Message [msg 1416] exemplifies a pattern that recurs throughout complex system debugging: the most important questions are often about the system's own perception of itself. The assistant could have stopped after fixing the port tunnel — the root cause was identified, the fix was applied, problem solved. But the assistant noticed a contradiction between two sources of truth (the error log and the dashboard) and chose to investigate.

This is the difference between fixing a bug and understanding a system. The port tunnel fix addresses the immediate failure, but the supervisor loop investigation reveals a deeper architectural issue: the system has no mechanism to detect or recover from curio failures. A truly robust system would need both the tunnel fix and a curio health monitor. The assistant's read operation in [msg 1416] was the step that uncovered this second, deeper problem.

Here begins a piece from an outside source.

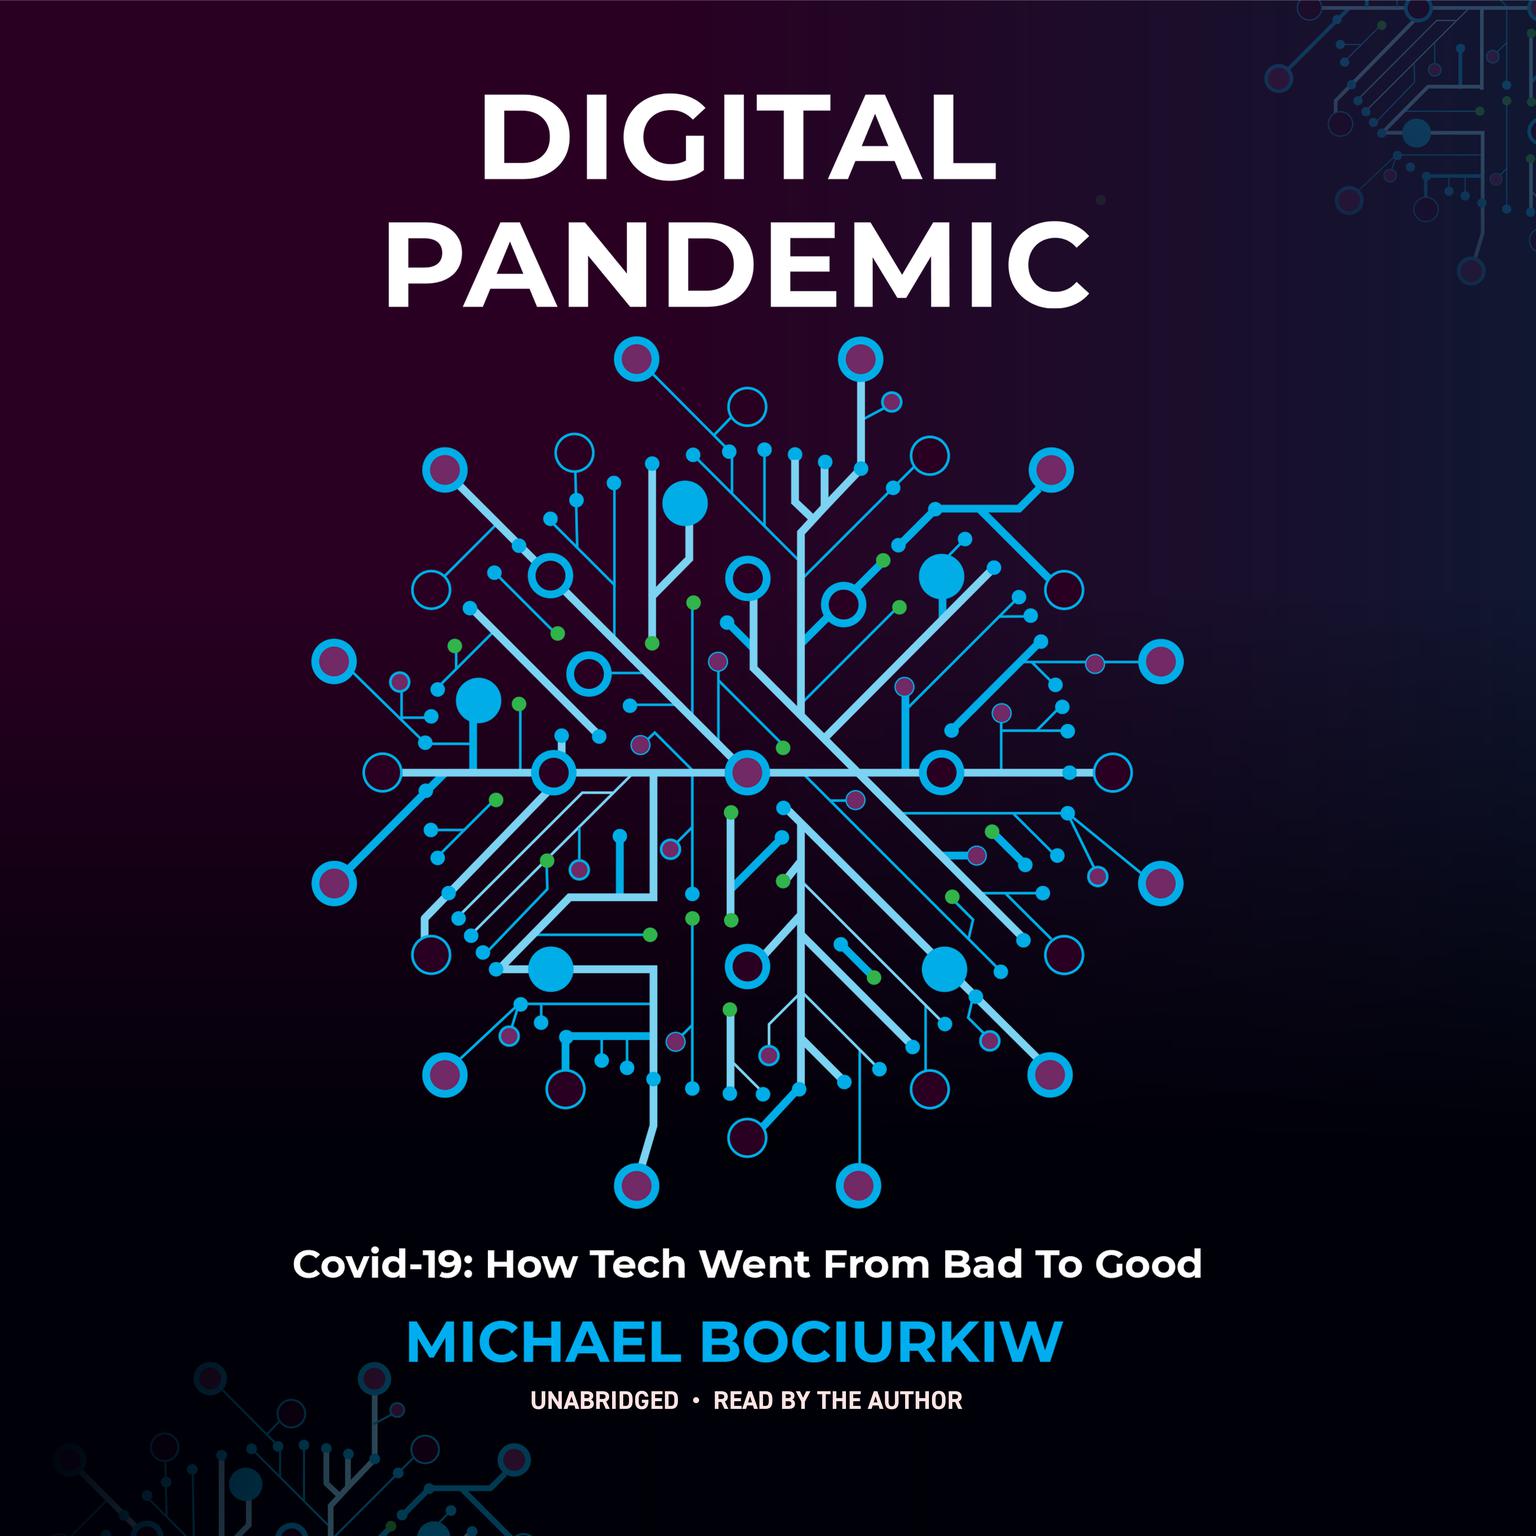 Digital Pandemic: Covid-19: How Tech Went from Bad to Good Audiobook, by Michael Bociurkiw

In distributed systems, the most dangerous failures are the silent ones — the ones that don't trigger alerts because the monitoring system itself is built on incorrect assumptions. The assistant's willingness to question the dashboard, to trace the code path, and to understand the exact failure semantics is what separates a superficial fix from a thorough one. This message, a simple file read, is the artifact of that investigative rigor.